The one thing Nightmare didn’t anticipate was how loud the horses would be. She was at the lead, riding her blue unicorn and there must have been fifty horses behind her. The hooves hitting shale was deafening. Usually her pointed fairy ears were able to block things out, especially when it involved humans. This time it was hard- maybe because of their sheer number. In addition to the hooves and the horse grunts she was forced to hear the humans’ banal conversations about beer and roadhouse strippers. Even the sound of someone in the back of the troop scratching their neck or rolling a cigarette was annoying. She’d hear the fingernails grating against the sunburnt skin or the tobacco sprinkling on the paper and then the tongue sealing it closed. Humans were always smoking and chewing tobacco and drinking beer and all of these sounds were repulsive to her. She focused instead on the music of unicorn’s breathing- it was like distant sleigh bells and with every exhalation tiny twinkling stars blew out of the unicorn’s nostrils. She honed in on the sleigh bell melody and watched the sparkles and felt much better.

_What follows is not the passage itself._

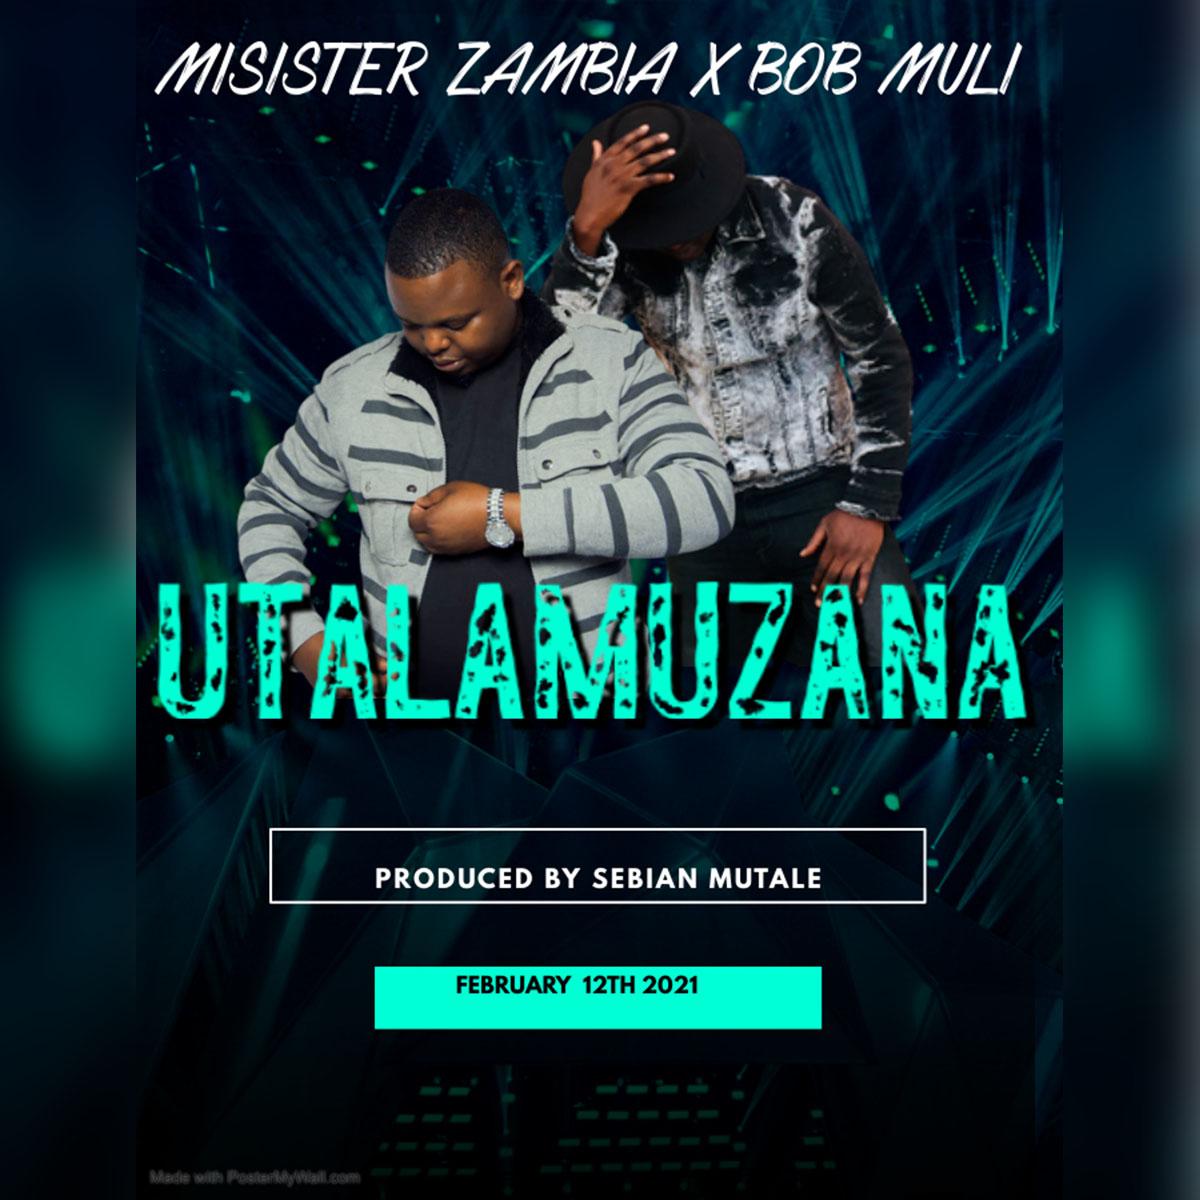 Misistar Zambia ft. Bob Muli - Utalamuzana

As the moon rose they reached the Great River. The wind picked up, carrying a smattering of snowflakes. This is where the ambush happened. They came from all sides, dropping down from the trees and springing up from the earth, tearing the humans’ necks open or ripping their hearts straight through their boney chests. These were bad fairies. Their mouths were overfilled with sharp black fangs and they had three horns sticking straight out of their foreheads. Nightmare grabbed a human baby from the arms of its fallen mother and took off into the sky just as one of the bad fairies ripped her unicorn’s flank. It shrieked and bled purple stars as they rose above the water. Another bad fairy landed on her back and bit one of her ears. She stabbed it with a twin-bladed magical dagger and it fell screaming down into the river.
Resting with the unicorn on a snowy cloud above, she rocked the crying human baby in her arms. She could only watch the rest being torn to pieces below. Those are your people, she told the baby. They are ugly, ornery, brutes that smell rancid but they don’t deserve to die like that. The baby became still and stared down at the carnage, moonlight shining in its brown eyes. Someday you will avenge them.